1) Register for a Galaxy account at https://usegalaxy.org/
2) Login
Note: Check if Galaxy is operational https://status.galaxyproject.org/
We will be using DESeq2 to perform differential gene expression analysis.
Use the search bar on the left side to find the software tool called 'DESeq2'.
It is also under Genomics Analysis > RNA-seq > DESeq2
Click on the DESeq2 result to open the tool.
Tool opens in the middle pane.
Factors correspond to sample comparisons we want to make. In this example, it is SAM (Factor 1) vs leaf (Factor 2) samples.
1) Fill in the factor names where the boxes are.
2) Select the blue highlighted folder button to upload the data sets to the appropriate factors.
After you click the folder button, a pop-up will appear. Click the 'Upload' button on the bottom left side.
Drag and drop your 5 Soybean SAM quant files into this pop-up. Remember that the quantification files were the output files from Salmon.
Select '.txt' from the drop down menu for file type (highlighted in magenta). Note that the box is searchable so you don't have to scroll through the entire list.
Click the 'Start' button highlighted in blue. Once the files have uploaded, the rows will turn green and the Status will be 100%.
Click the 'Select' button. OR click outside of the pop up and the file will be in a right handed panel that you can now drag and drop into the counts files box for the appropriate factor level.
Repeat for the two Leaf samples in factor level two.
Select the DESeq2 options match these:
1) TPM values (magenta line)
2) Salmon for Program used (forest green line)
3) GTF/GFF3 for Gene mapping format (lime green line)
4) Then upload the glyma.Wm82_ISU01.gnm2.ann1.FGFB.gene_models_main.AGAT.gtf for the Annotation file (blue line).
Note that this NEEDS to be the same gtf annotation file we used during Salmon quantification.
Hit the execute button to submit your job!
Your job will appear in the right hand column.
Your job will look gray while it is waiting in the queue.
Your job will turn yellow when it starts running.
It will turn green once it is done!
Click the job to see the outputs and to download the files.
The DESeq2 analysis output several summary visualizations for our soybean tissue comparisons.
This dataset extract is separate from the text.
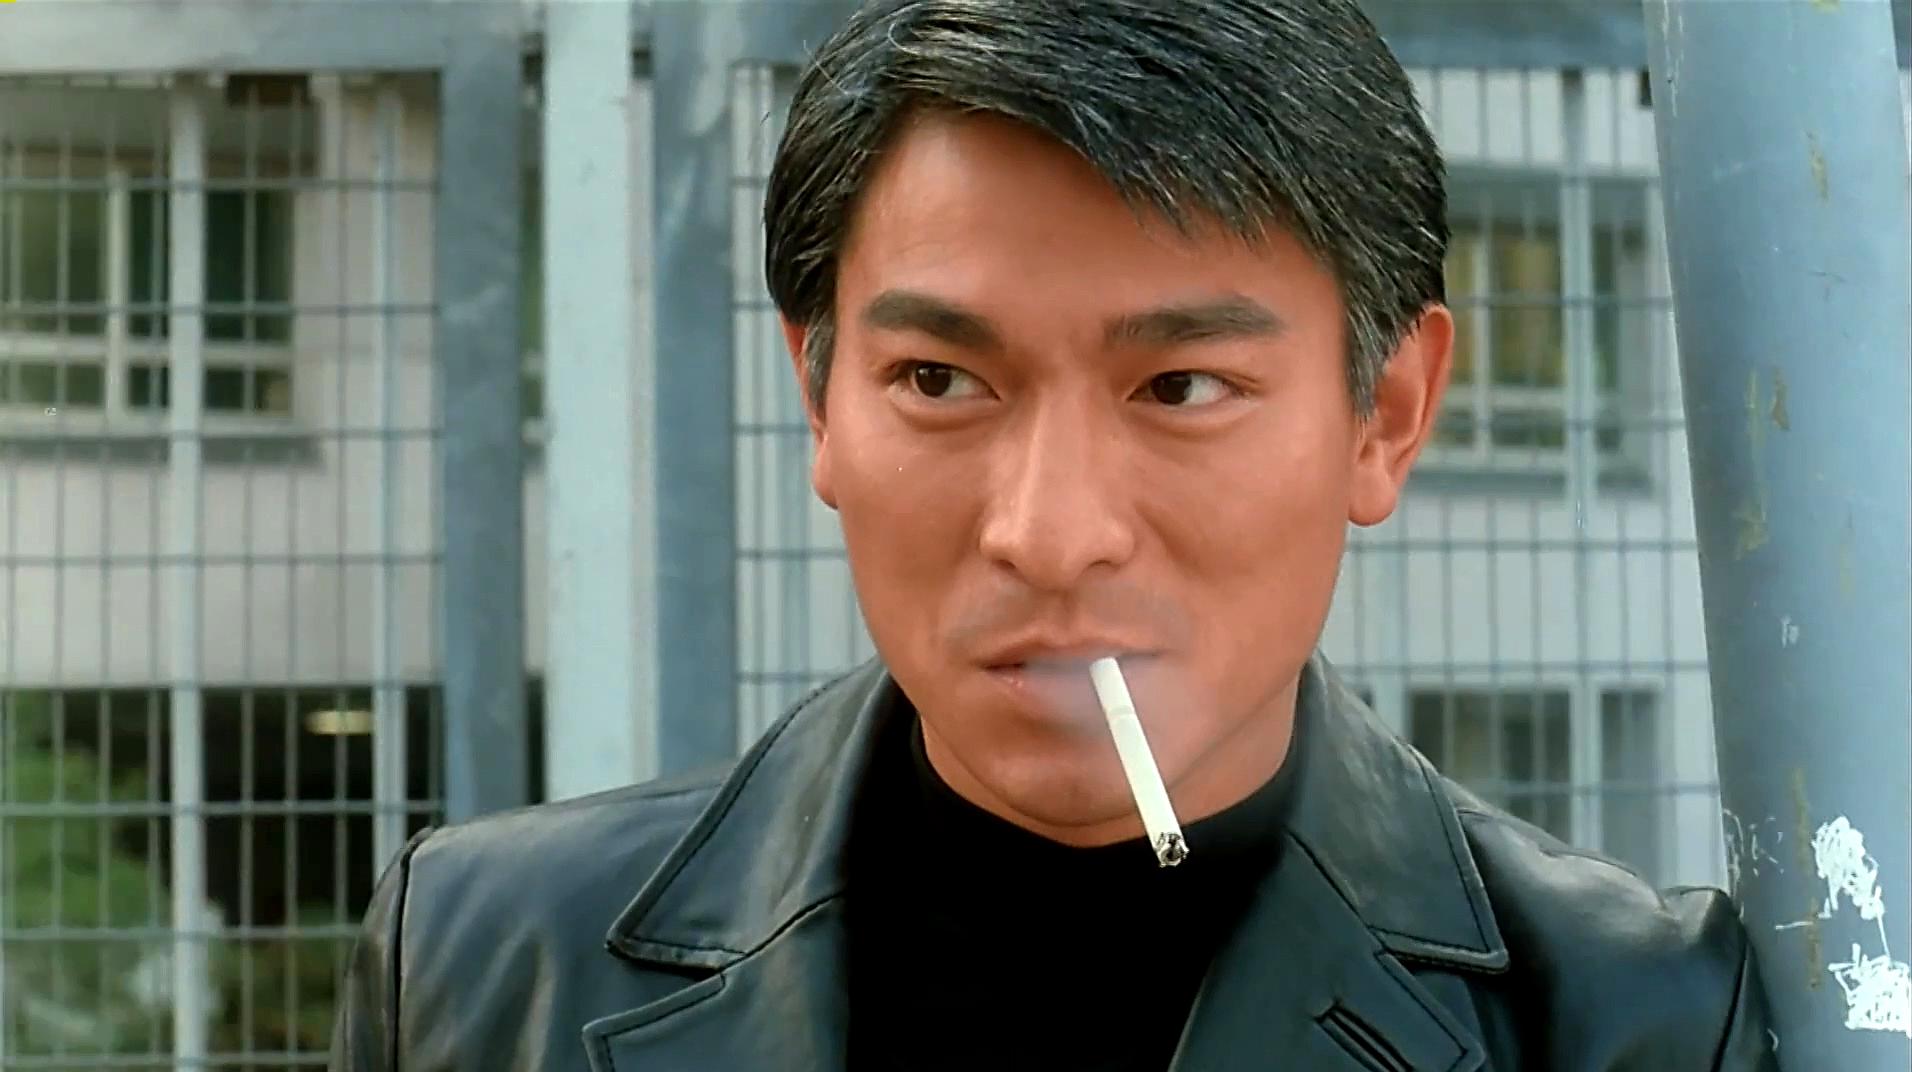 赌侠1999:刘德华最帅抽烟片段在这里,真乃百看不厌!超赞!

We will go through a few of them here.
This plot shows our samples after the count data has been decomposed down to the first two principle components. We clearly see one cluster for the meristem and two clusters for leaf data with the young leaf samples on the far top left and the old leaf samples mostly on the right. The meristem samples on the far bottom right. It appears that the first principle component has captured the majority of the variability (77%) involved in the difference between these two tissue types with the second principle component capturing the between sample variabilities.
Here we have a similarity heatmap between our samples. We clearly see the two groups emerge again with distinct similarity clusters for the meristem and leaf groups. There is more similarity between the young leaf and the SAM.
Here is a plot of the p values for our differential expression analysis with tissue type (SAM vs leaf) as our factor levels. We can see the majority of p-values are in the smallest range, which tells us that these are of significance. It is important to remember though that this plot is showing uncorrected p-values so not all of these small values will represent truly differentially expressed genes.
This MA plot is a visualization of the changes in expression between our factor levels (leaf vs SAM tissue). The dots that fall away from the horizontal line at log fold change = 0 represent genes with large changes in expression. This plot also does not represent p-value adjustments though and is more useful for eyeballing general expression patterns in the data
We also get a table from our DESeq2 analysis link below. This explicitly shows us which genes were differentially expressed in our analysis after adjusting for multiple testing. The value in the last column holds these adjusted p-values and the first column holds the identifier for the gene, as pulled from the annotation file for our genome.